Works on my machine: how we use AI to reproduce reported bugs
Sentry’s SDK teams maintain and support SDKs for a vast ecosystem of languages and frameworks. See our release registry for a source of truth. We’re currently at 159 published packages across the entire ecosystem. If you use it, we probably support it.
All of these SDKs are open source and have their own GitHub repositories that we maintain on a daily basis. And like any other open source project, we get tons of bug reports and issues on these.
In this post, I’ll talk about a Claude skill we’ve been leveraging to help make our reproduction flow smoother and reduce triage time and fatigue.
Bug triage flow
Sometimes bugs are easy to fix - could have been a missing null check, a missing conditional branch or some other small oversight.
Other times, they aren’t so easy for a plethora of reasons:
- Tedious setup, or “boilerplate”, just to get the environment ready
- Esoteric code paths
- Legacy versions
- Edge case interactions no one thought of
- Data races and other concurrency problems
- Forked libraries with different contracts
Boilerplate
Particularly for our SDK bugs, the boilerplate factor is quite annoying. Let’s take a recent example. To reproduce this, we would need to setup the following:
- A Python venv with the correct version
- A new Django boilerplate app with the correct version
- A Sentry SDK with the correct version
- Create a Django View that reproduces and showcases the exact problem which is applicable only to HTTPS proxies
- Run everything, trigger the view and hope that it shows the problem in question
All of this is necessary just to acknowledge that the problem the original user reported is real and replicable. Once reproduced, it’s typically much easier to roll out the actual fix.
Reproduction papertrail
Another recurring discussion within the teams was how to keep track of all these one-off boilerplate apps that we used to test SDK logic, and reproduce/fix problems.
Ideally we would have a shared repository of these apps with backlinks to the issues, but no one wanted the burden of maintaining yet another collection of apps on top of everything else we already do. Several SDK engineers had their own ad-hoc collection of apps they used for their day-to-day SDK development.
repro skill + repository
Enter LLMs. Turns out LLMs are pretty good at doing some of the tedious stuff mentioned above.
Even if they cannot get to the root of a hairy problem, they at least set up the boilerplate and give me a playground with all the correct parameters which I can move forward with, massively reducing tedium.
So I wrote up and iterated on a Claude skill that:
- Takes a GitHub issue URL as input
- Parses the SDK language, issue number
- Gathers metadata on language version, framework version, SDK version
- Makes a new directory and branch from the
language/issue-number - Attempts to create a minimal reproduction using standard tooling for the language (
uv,npm,bundle, etc.) - Tries to run the reproduction, bails out if it’s too complicated
- Writes up clear instructions for running the reproduction
- Makes a PR
- Optionally adds a backlink to the PR to the original user issue (using Claude’s
AskUserQuestiontool)
Note that we only ask the LLM to attempt a reproduction and stop if too complicated. This sort of logic is very effective when working with agents since if we ask too much of them, they will often stumble. If we give them an out, they’re more likely to explain the challenge than just stumble through it.
Example run on the Python issue
Continuing with the above Python example, the skill created this reproduction.
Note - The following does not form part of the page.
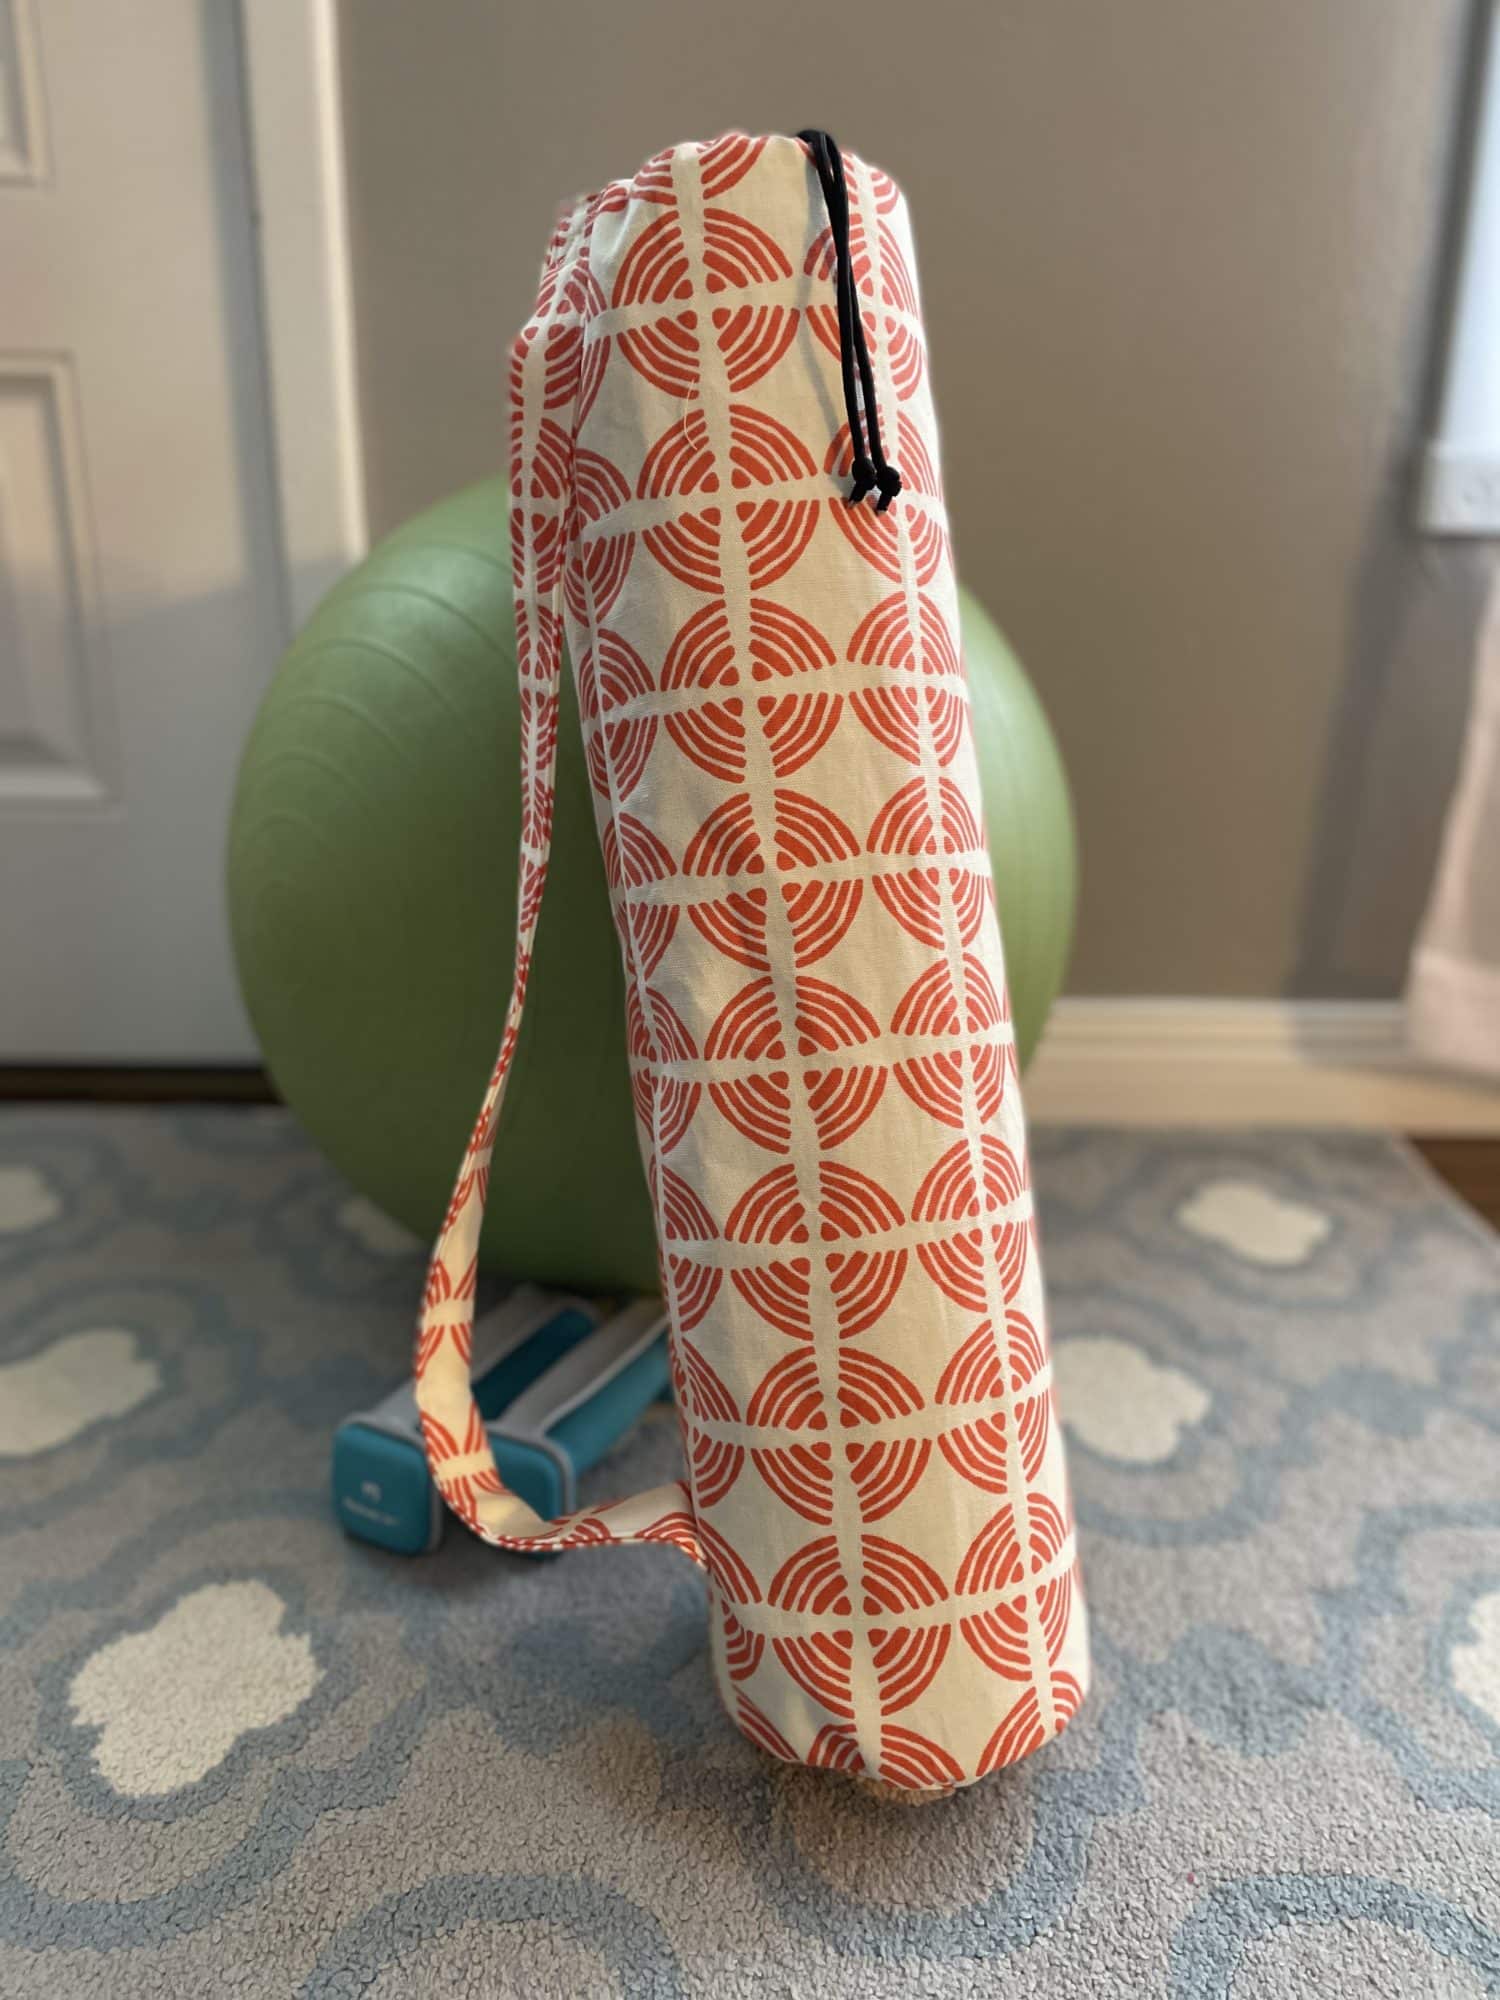 Yoga Mat Bag- DIY Sewing Tutorial, 56% OFF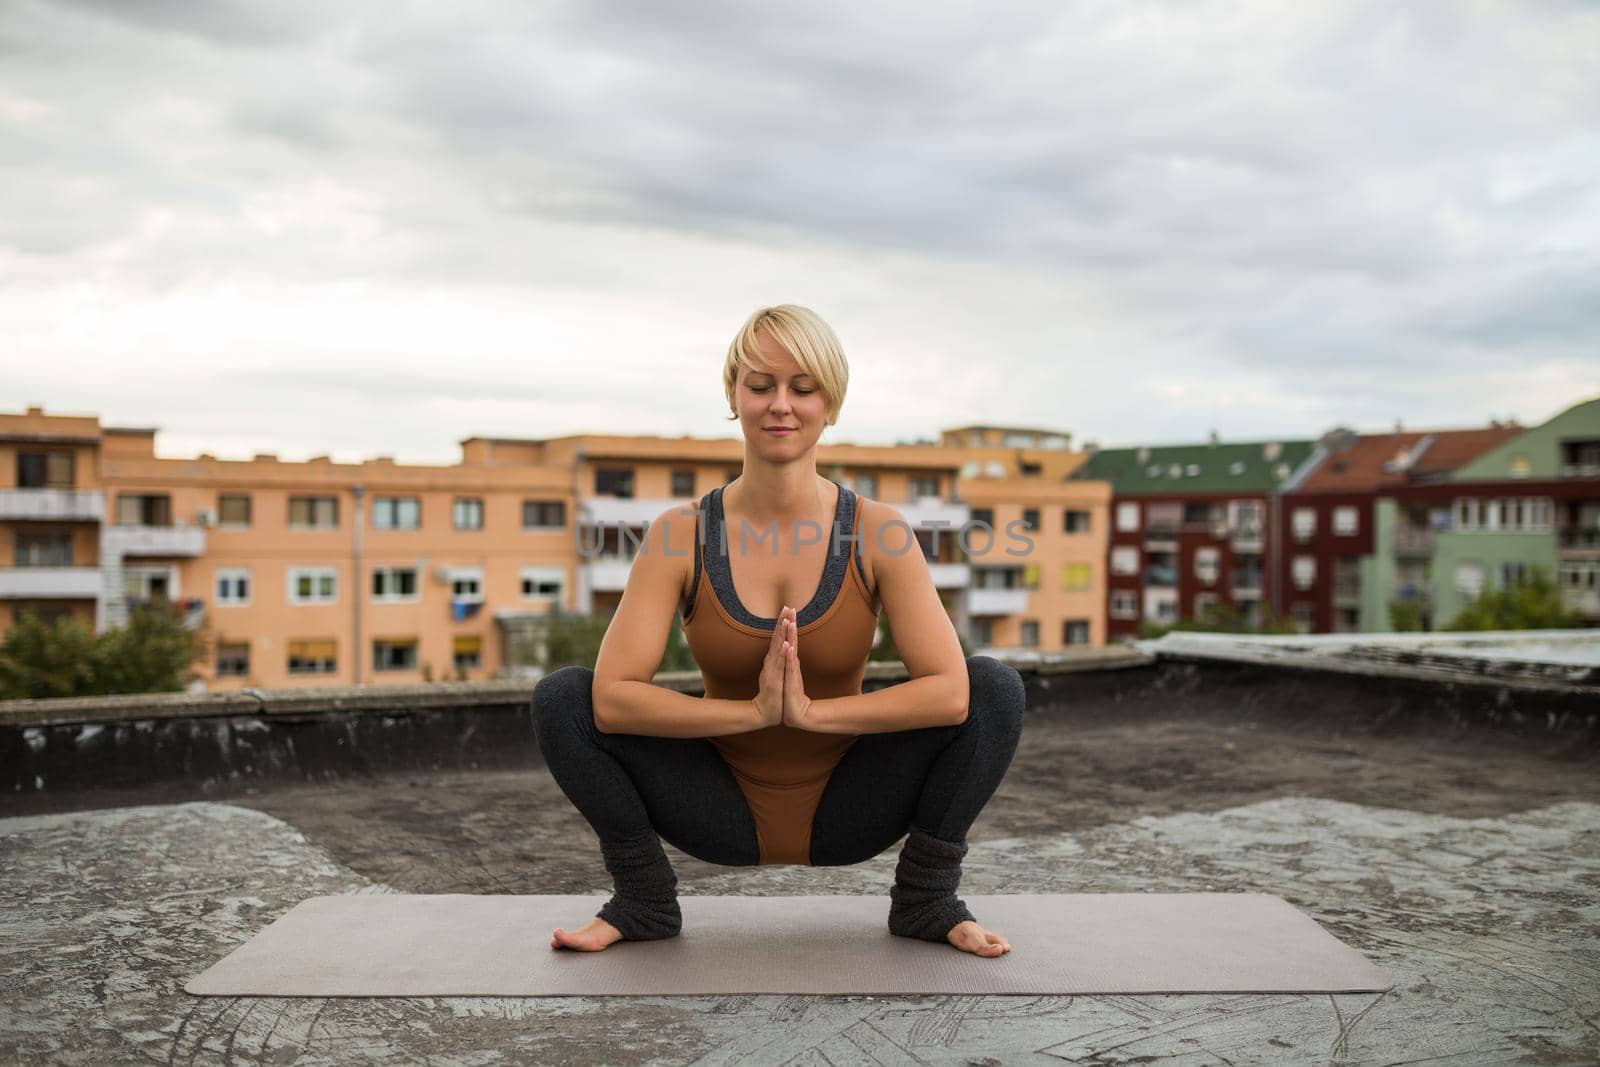 Woman enjoys practicing yoga on the roof, Utkatasana/Buddhist stupa pose

We can see that it created a minimal Django app and gave very clear instructions to run the reproduction. Using this basic setup, I was able to roll out the subsequent fix very rapidly. I probably saved a few hours of figuring out how to setup Django with an HTTPS proxy correctly and then examining how that interacts with our SDK logic.
Lessons on writing skills
Skills are very generic Markdown files so it’s a bit opaque how to make them reliable and avoid having them go off the rails.
Some insights I have from writing this one:
- Use CLIs to interact with other systems; here we’re using the
ghCLI to perform GitHub operations - Split out the work to be done into clear steps
- Add an
Error Handlingsection explaining what’s not allowed and what to do with bad inputs - Use other in-built tools such as
AskUserQuestionfor user input or validation
Full automation?
We will play around with fully automating this flow on GitHub issues in the future. A major concern voiced by several engineers here is increased bot noise. We’re already drowning in bot communication on several fronts so we want to be careful how many of these we enable automatically. The right amount of automation in any given problem space is not always full automation and a pair of human eyes in the right places are absolutely necessary.